** Working data follows **

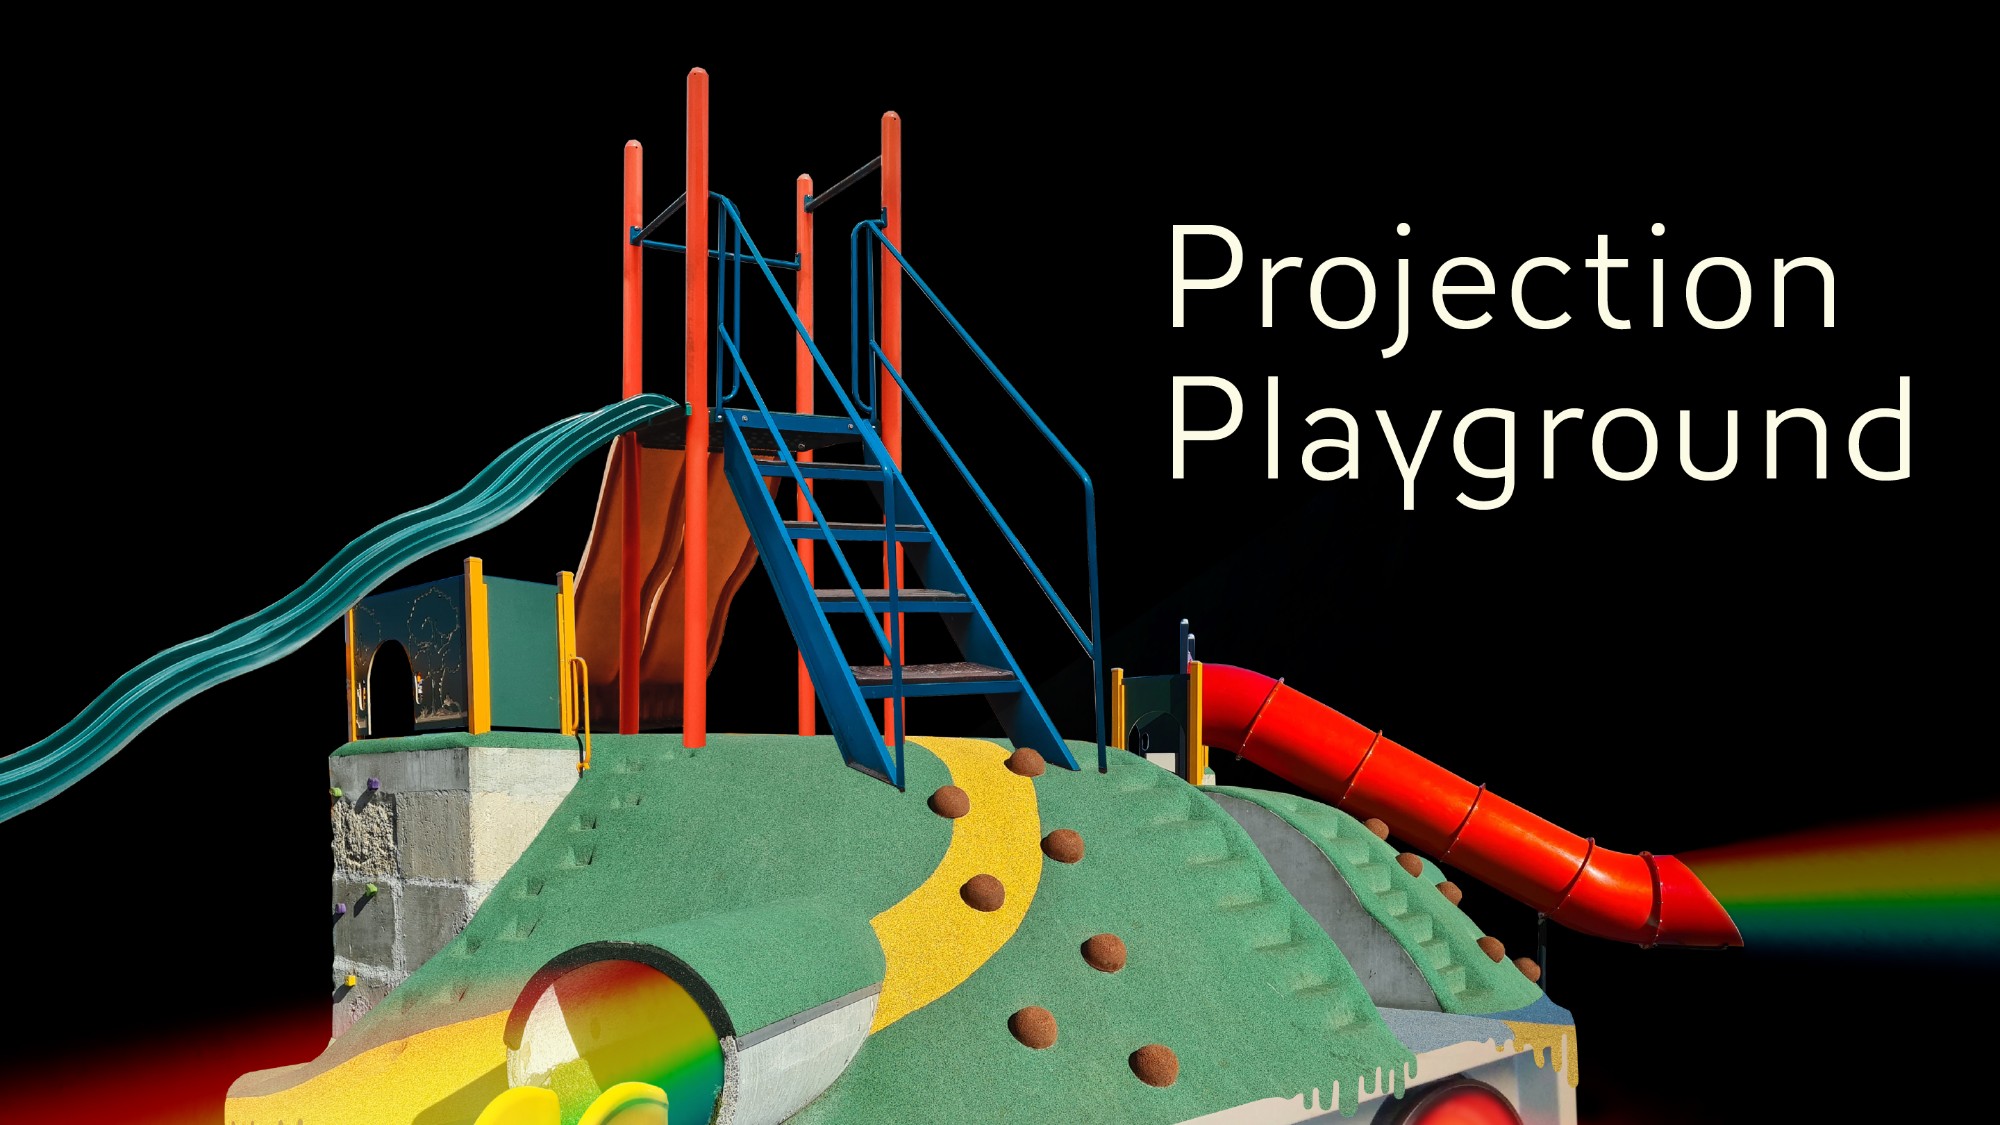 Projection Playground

** End of Working data **
** Working data follows **

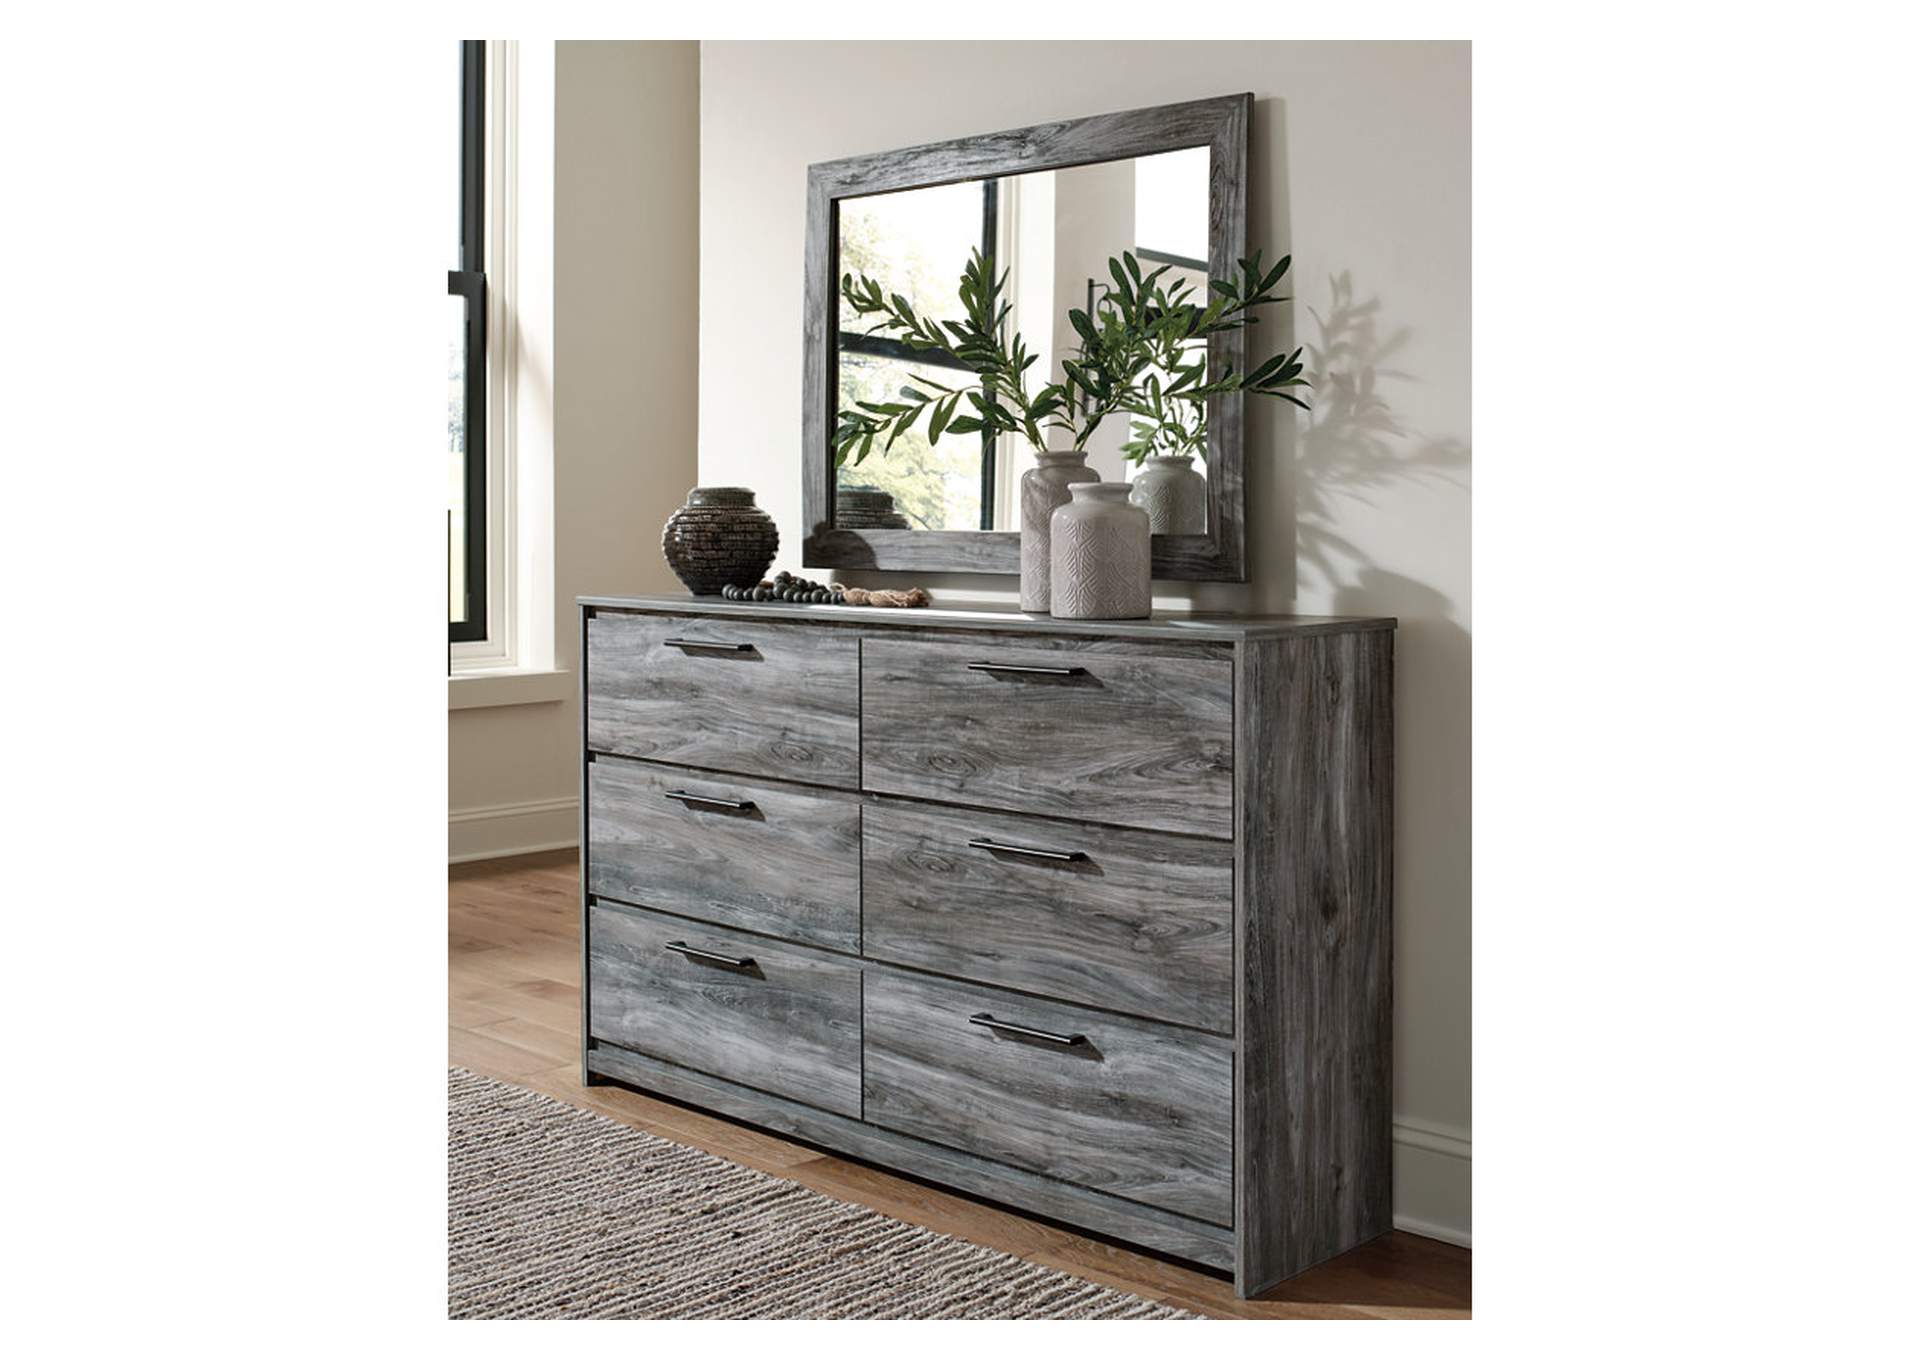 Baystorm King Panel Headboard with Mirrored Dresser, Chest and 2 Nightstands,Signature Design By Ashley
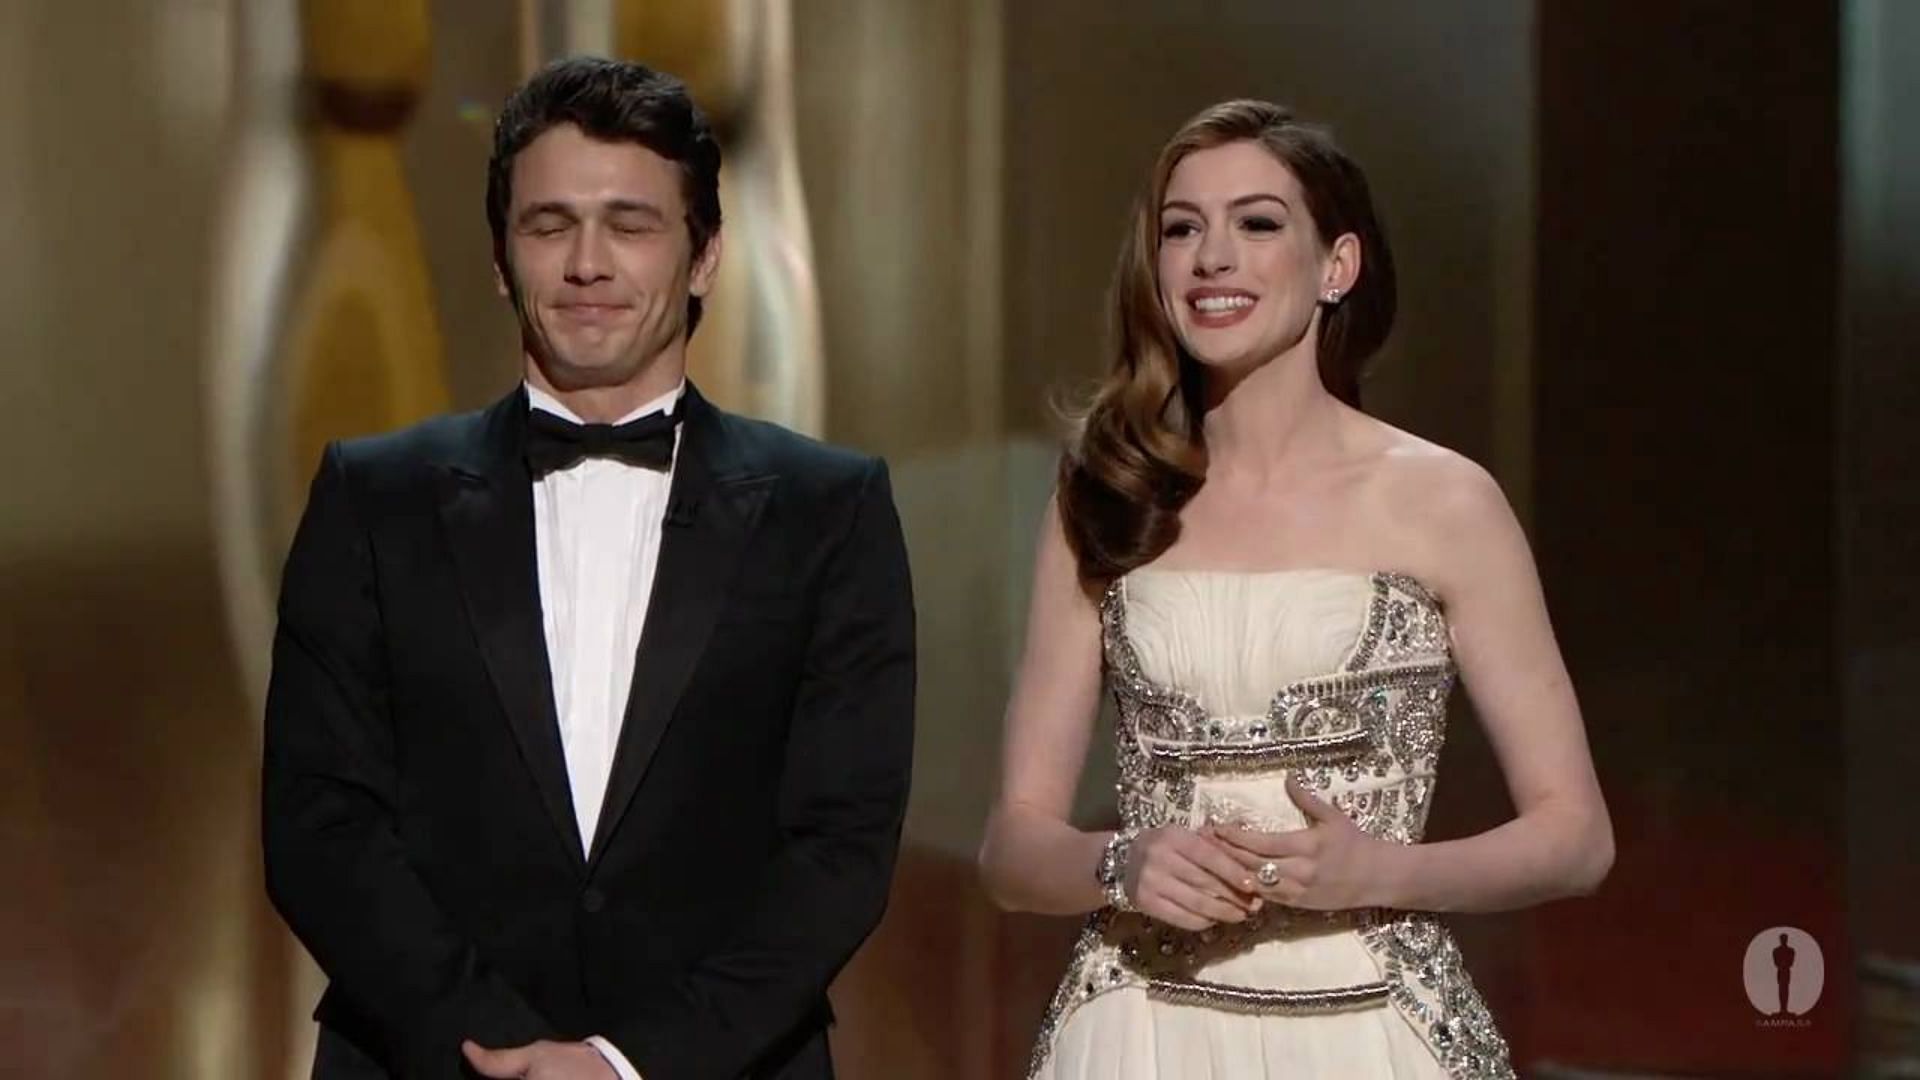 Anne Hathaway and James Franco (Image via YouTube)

** End of Working data **

• [Your objective] Exactly the lines starting at the one above with "Baystorm King Panel" and ending at the one with "Anne Hathaway and" should be printed, and nothing else. Omit the pictures.

• [The answer]
 Baystorm King Panel Headboard with Mirrored Dresser, Chest and 2 Nightstands,Signature Design By Ashley
 Anne Hathaway and James Franco (Image via YouTube)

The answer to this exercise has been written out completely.